(Records for this task Opens)

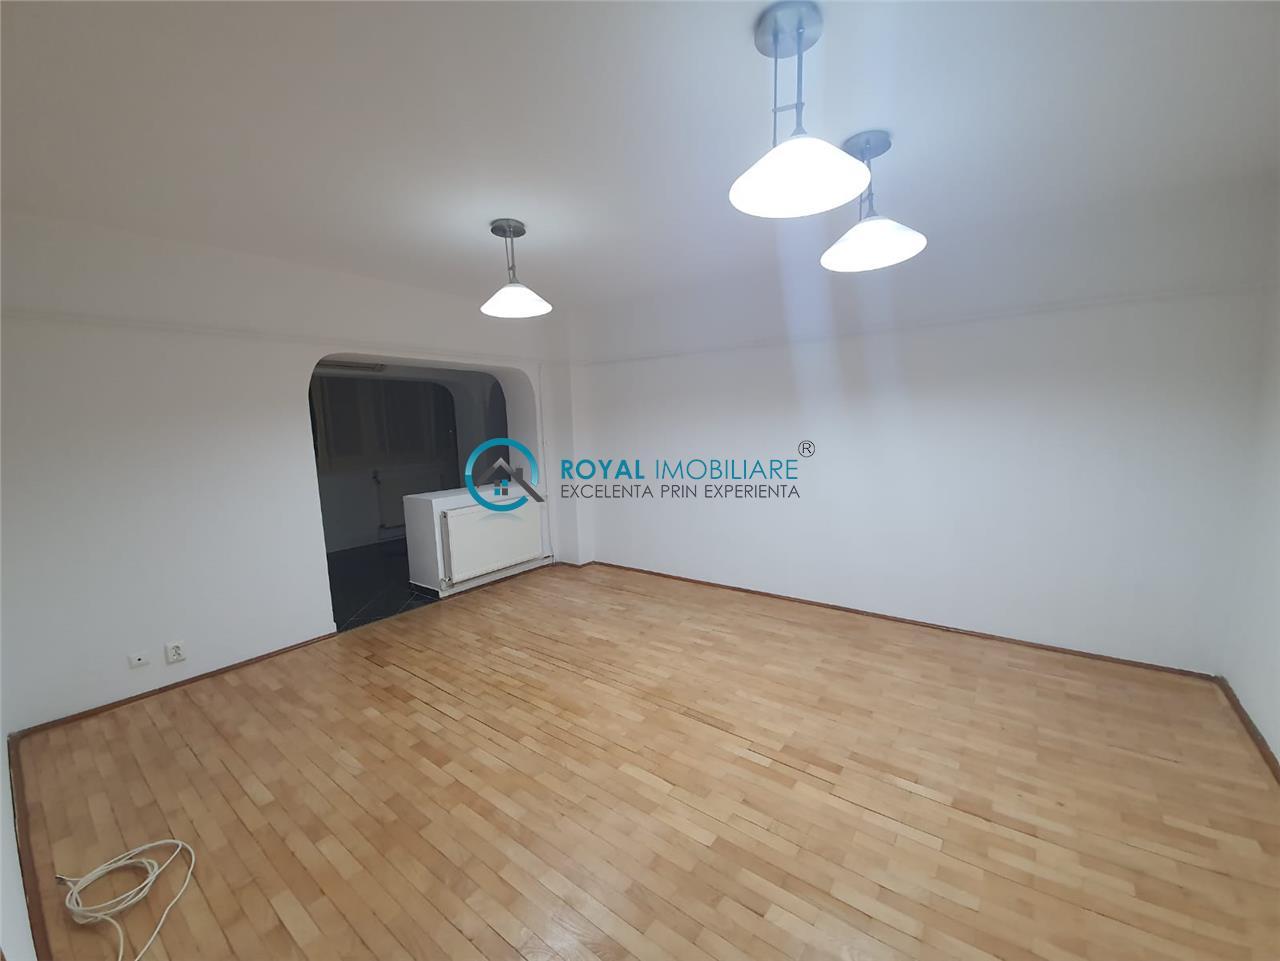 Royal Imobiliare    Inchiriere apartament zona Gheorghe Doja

(Records for this task Closes)
(Records for this task Opens)

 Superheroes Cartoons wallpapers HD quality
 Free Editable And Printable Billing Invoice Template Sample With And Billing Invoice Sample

(Records for this task Closes)
(Records for this task Opens)

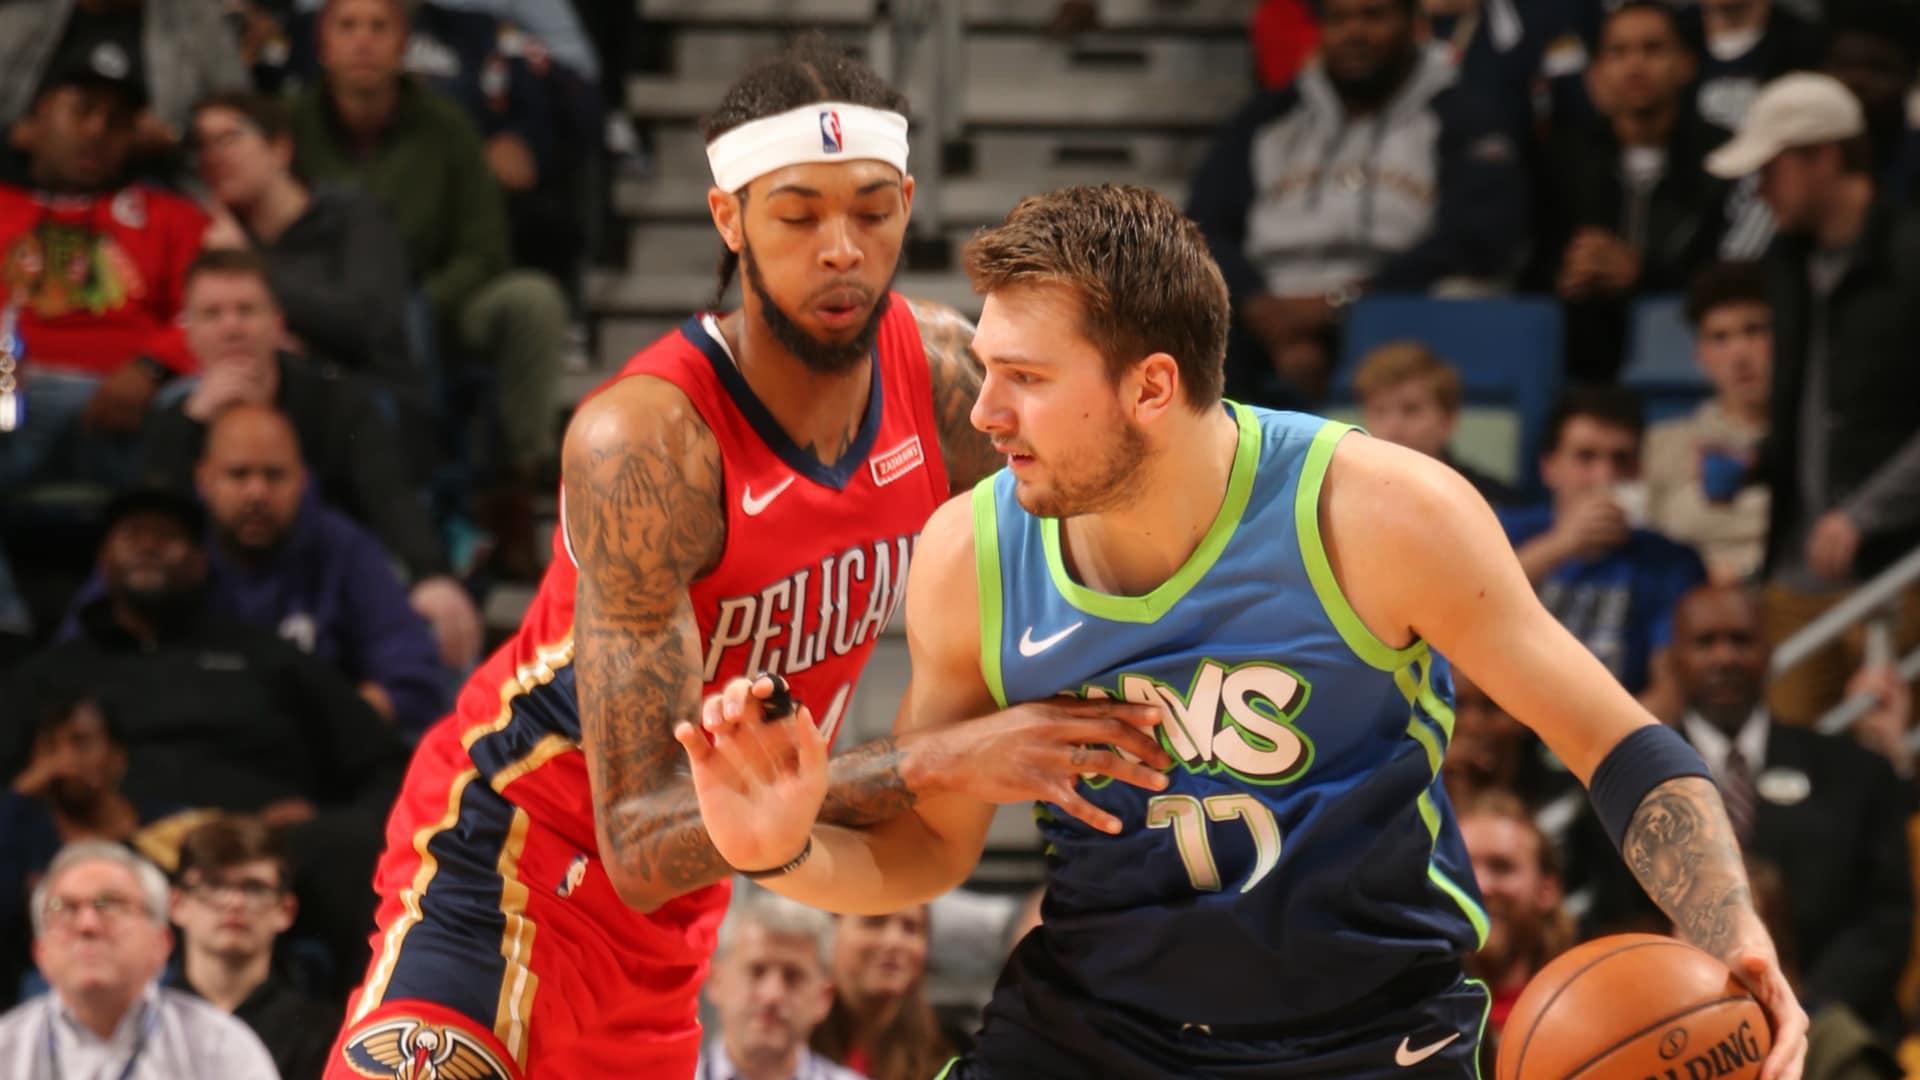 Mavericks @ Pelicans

(Records for this task Closes)

- [Directions for this task]
Of the entries above, transcribe exactly those lines that fall between the line containing "Superheroes Cartoons wallpapers HD quality" and the line containing "Free Editable And", together with those two lines.

- [Your response]
 Superheroes Cartoons wallpapers HD quality
 Free Editable And Printable Billing Invoice Template Sample With And Billing Invoice Sample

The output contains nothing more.